After making our way through the murky waters of the flooded ABC cinema we encountered strange noises such as footsteps in water, banging doors and creaking sounds and crept around the place in order to discover the cinemas delights. Here are some pics:-







The Main Foyer






Screen 1 from up in the balcony. The proscenium archway in its full glory!






Eerie on the top of the balcony!






From the central entrance up towards Screen1 projection booth.






original brass pipework!






Staircase to Screen 1 projection booth.






Screen 1 projection booth.






The view of the balcony seats from Screen 1 stage. Screen 2's seats can be seen peeping through the collapsed wall of screen 2! The back of screen 3 is on the right.






Hooks at the side of screen 1 stage.






The loft space 40ft above the proscenium. Making our way across this was fun!











From inside looking towards where screen 2 once was!






Looking up towards screen 3's side of the joint projection booth.






Screen 2 & 3's joint projection booth.






Out through a projection booth window.






Battery room.






Out in to the night!






Some night shots of the surrounding area from the roof.

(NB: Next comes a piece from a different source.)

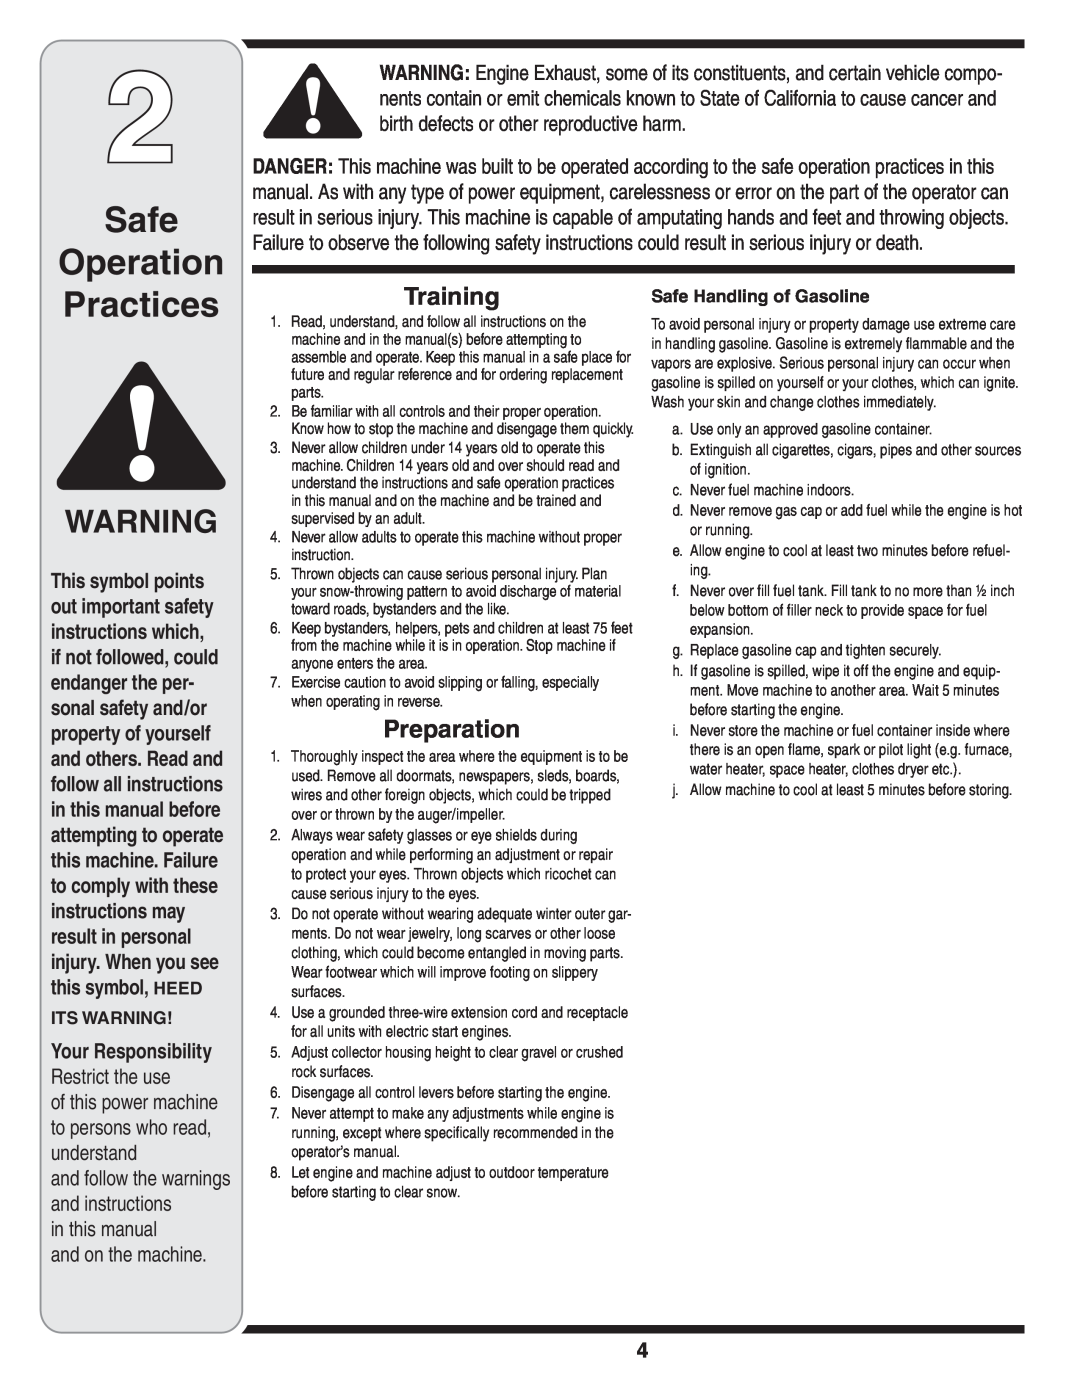 MTD Style L manual Safe Operation, Practices, Training, Preparation, Its Warning, Safe Handling of Gasoline

I thoroughly enjoyed this explore and hope you enjoyed my pics. Thanks for looking.


----------



## phill.d (Sep 6, 2008)

That lighting is superb. Probably the brightest, most even job i've seen in there. Top notch.
I'm glad you didn't get a shot of me asleep on the stage lol


----------



## freebird (Sep 6, 2008)

Thanks. No I didn't but I did have to make you disappear from one of the other shots though! LOL


----------



## the_grid (Sep 7, 2008)

Last time I saw the inside of that place was Toy Story when I was 10!!! Really good shots and nice bio. Noises sound a bit creepy though...


----------



## Cinema Dreamer (Jul 7, 2021)

Good report of a lovely place. Unfortunately this cinema has received its death warrant and the council seems to have gone deaf when ever the subject of alternative use is mentioned. A great shame as getting the old girl back to how she was would be relatively easy but apparently a car park would be much nicer, ahem!


----------